WORK ORDER
Where a picture appears, leave it out, and transcribe all the lines below exactly.

DATA EXTRACT
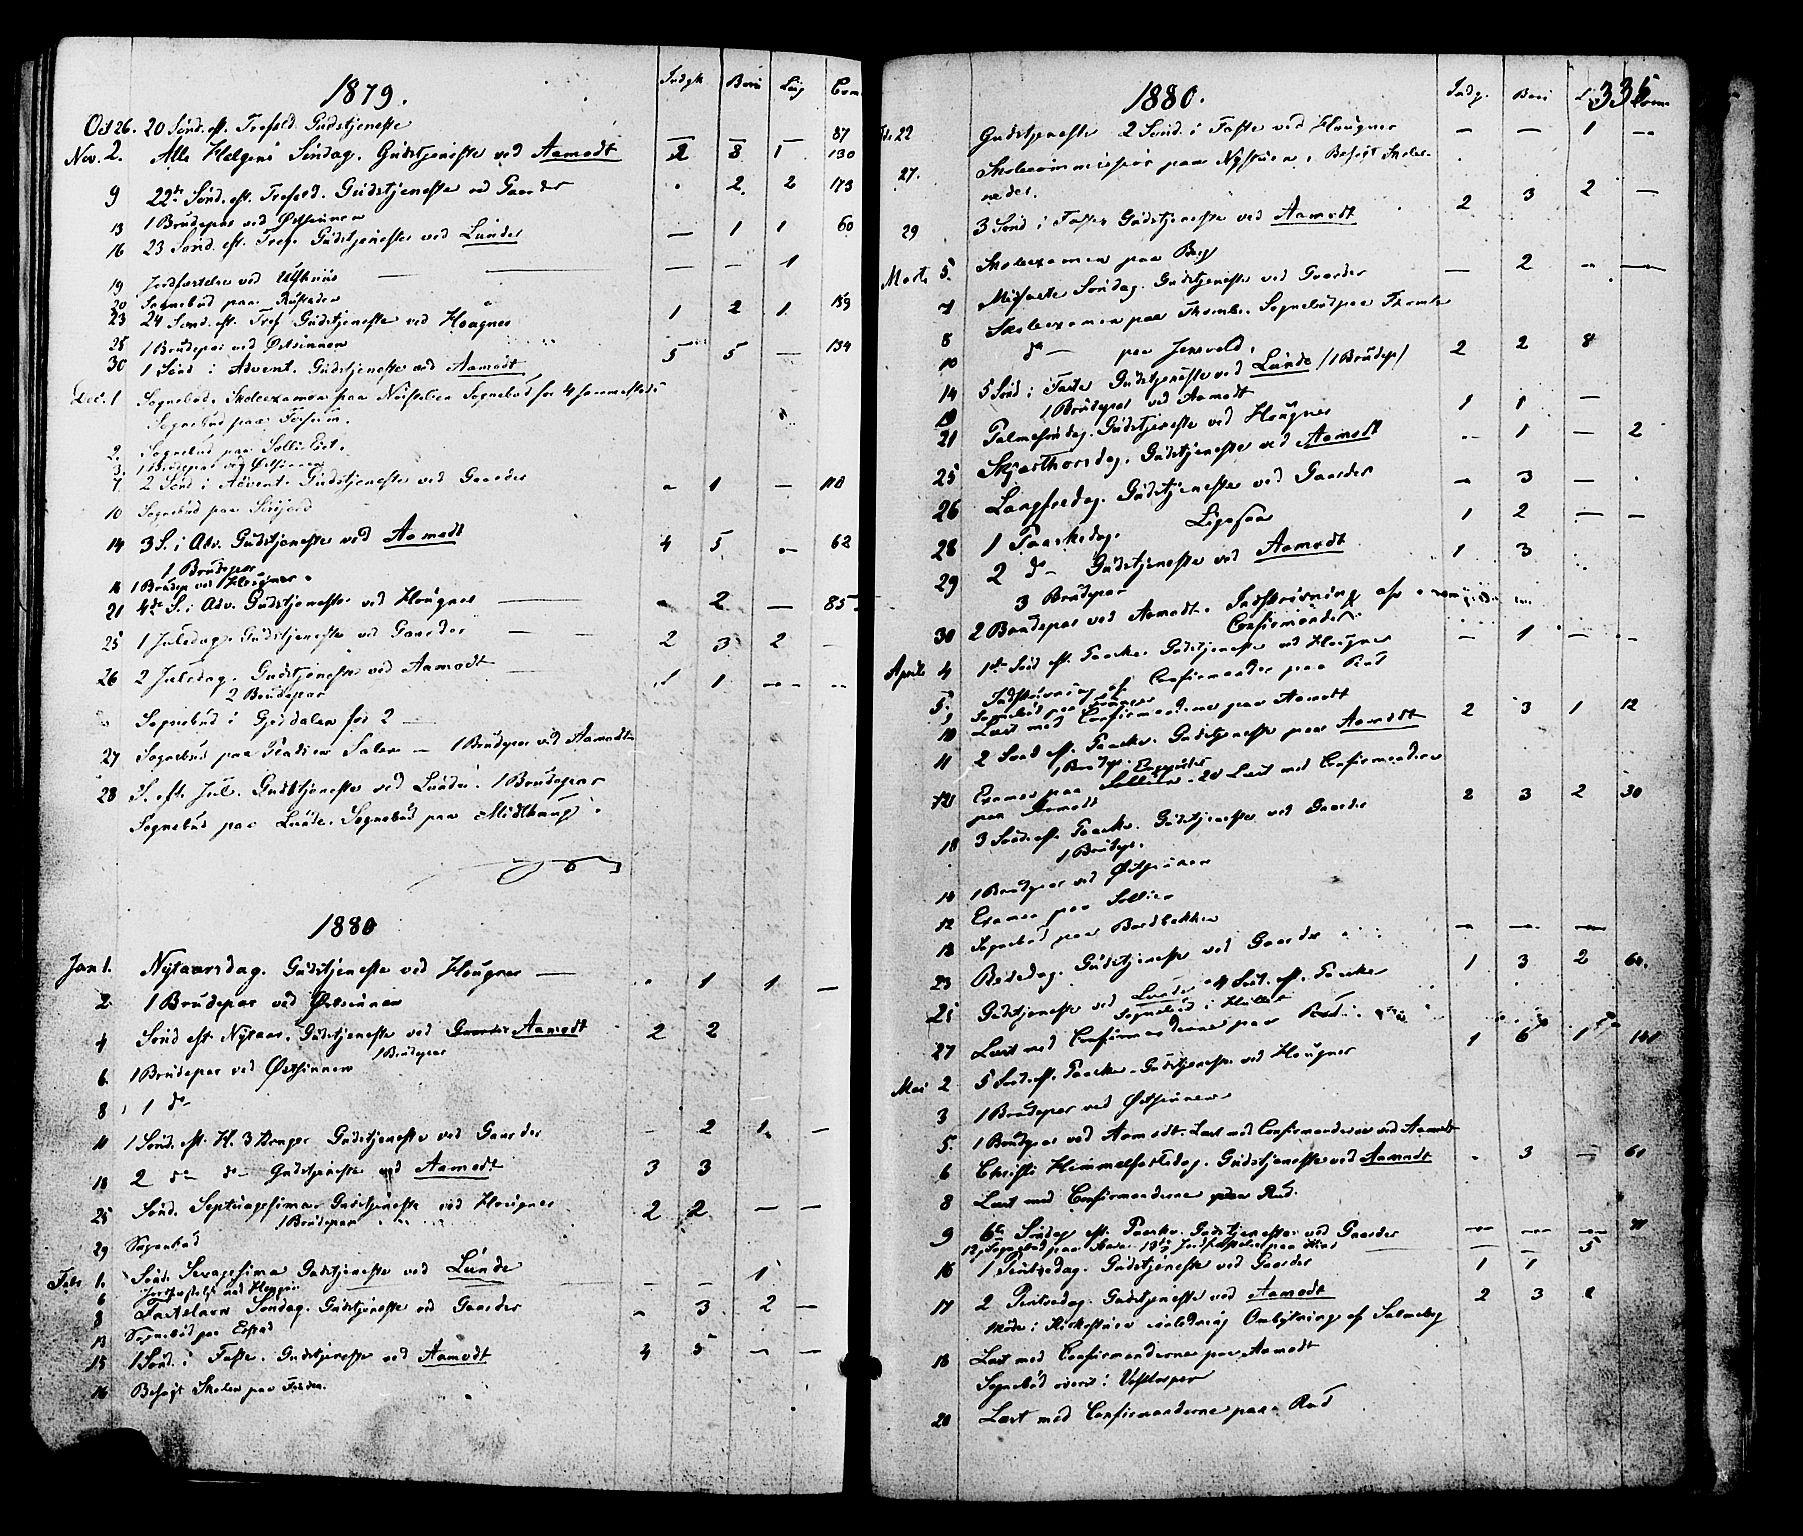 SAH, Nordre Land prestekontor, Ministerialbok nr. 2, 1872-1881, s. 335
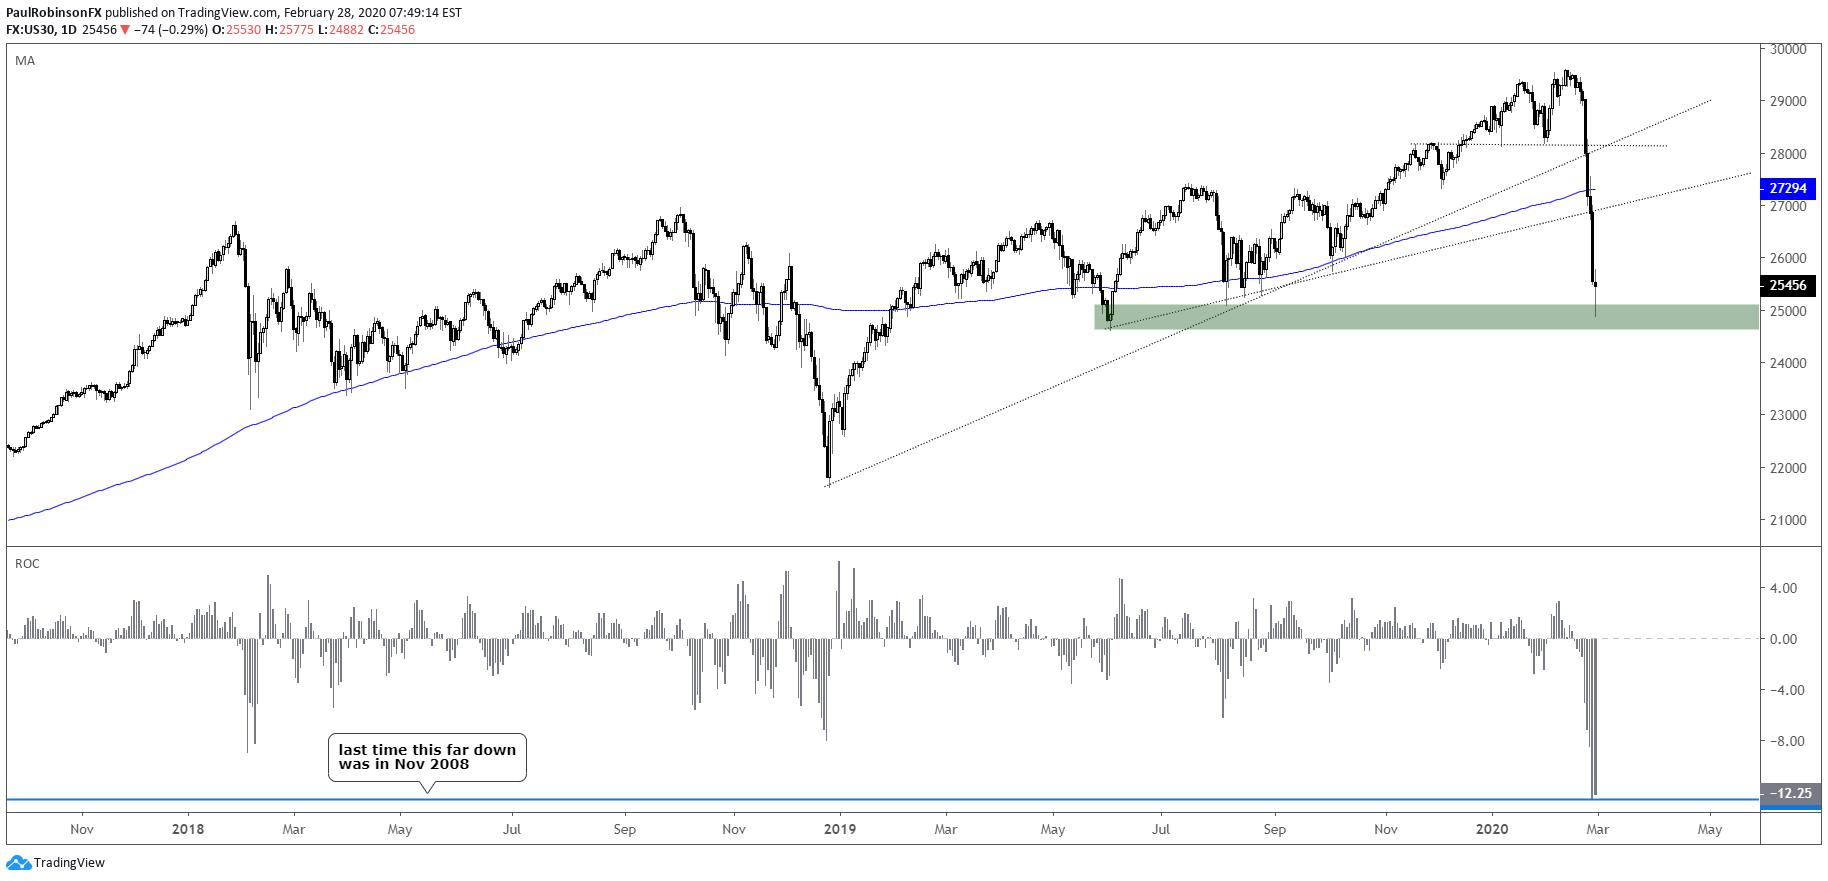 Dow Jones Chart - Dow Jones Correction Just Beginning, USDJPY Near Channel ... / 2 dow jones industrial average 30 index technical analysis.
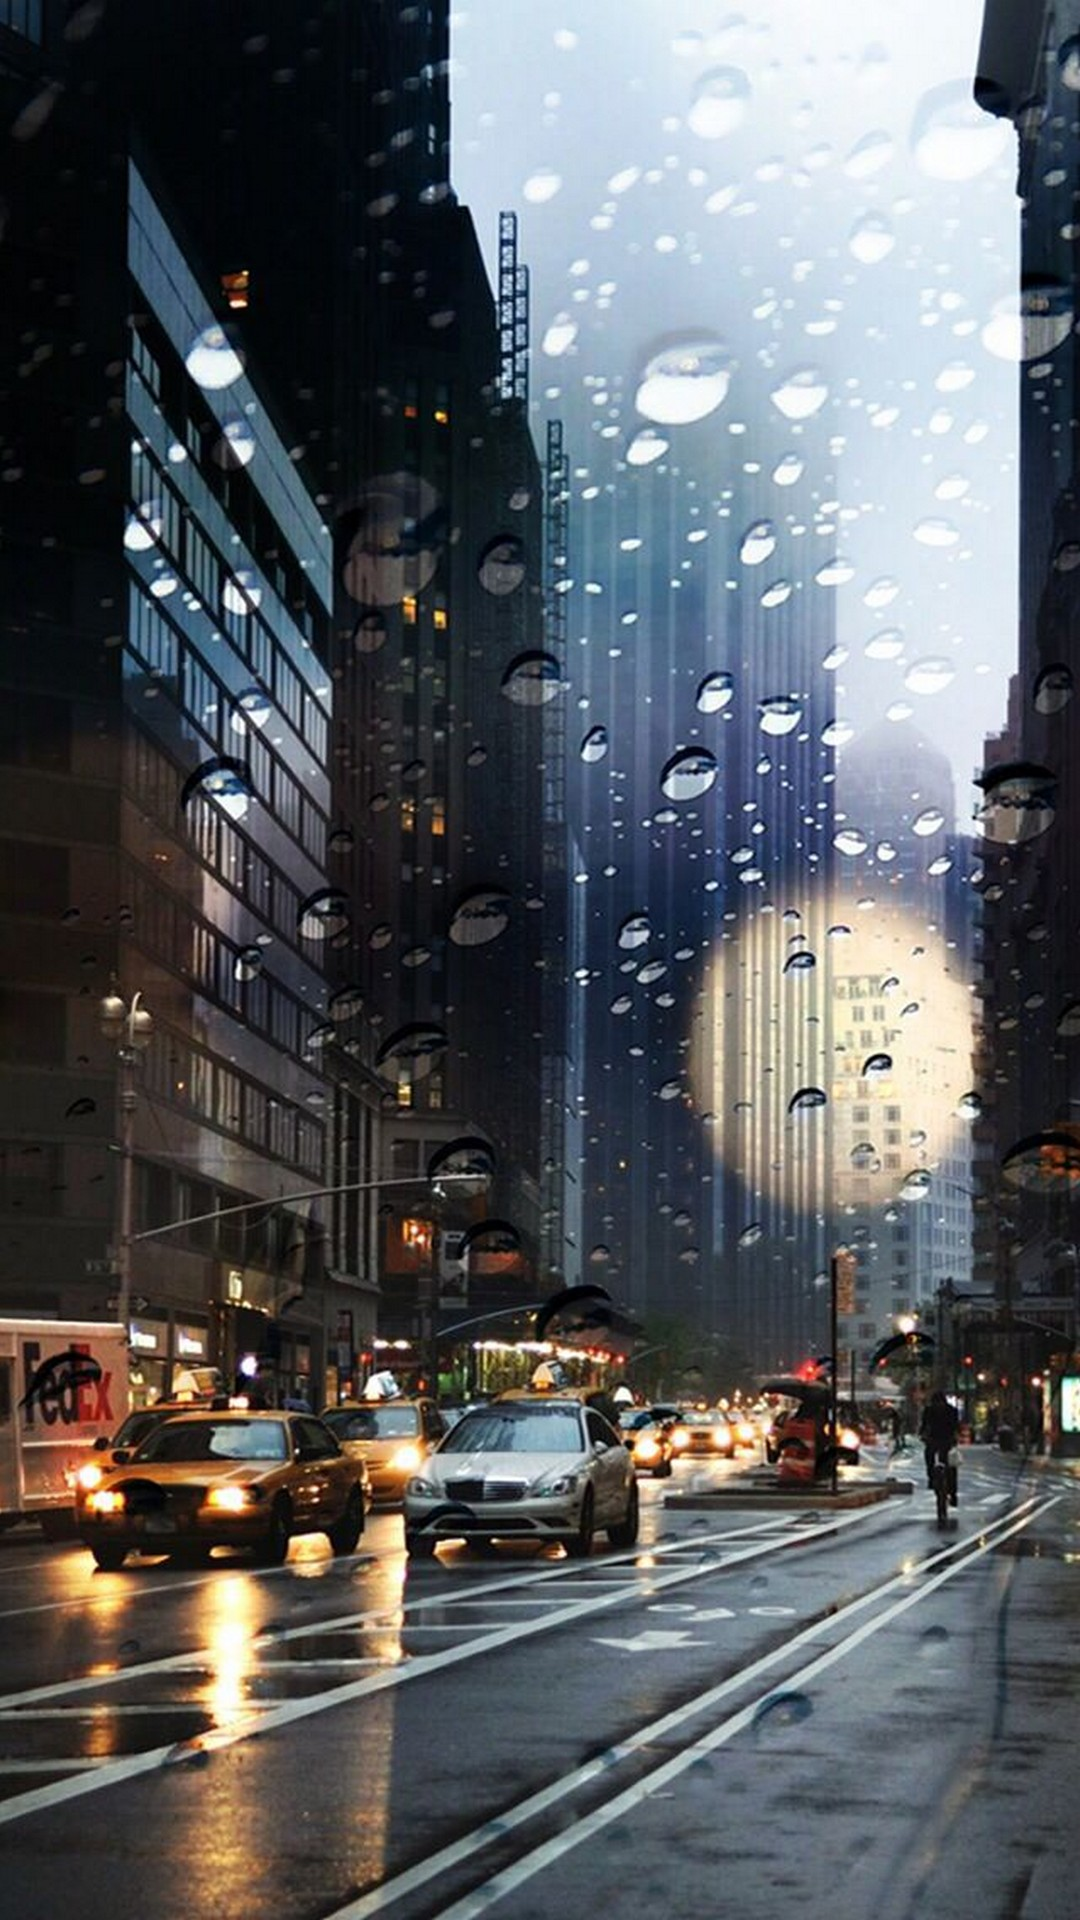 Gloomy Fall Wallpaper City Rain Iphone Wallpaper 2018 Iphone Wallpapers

WRITTEN RESPONSE
 SAH, Nordre Land prestekontor, Ministerialbok nr. 2, 1872-1881, s. 335
 Dow Jones Chart - Dow Jones Correction Just Beginning, USDJPY Near Channel ... / 2 dow jones industrial average 30 index technical analysis.
 Gloomy Fall Wallpaper City Rain Iphone Wallpaper 2018 Iphone Wallpapers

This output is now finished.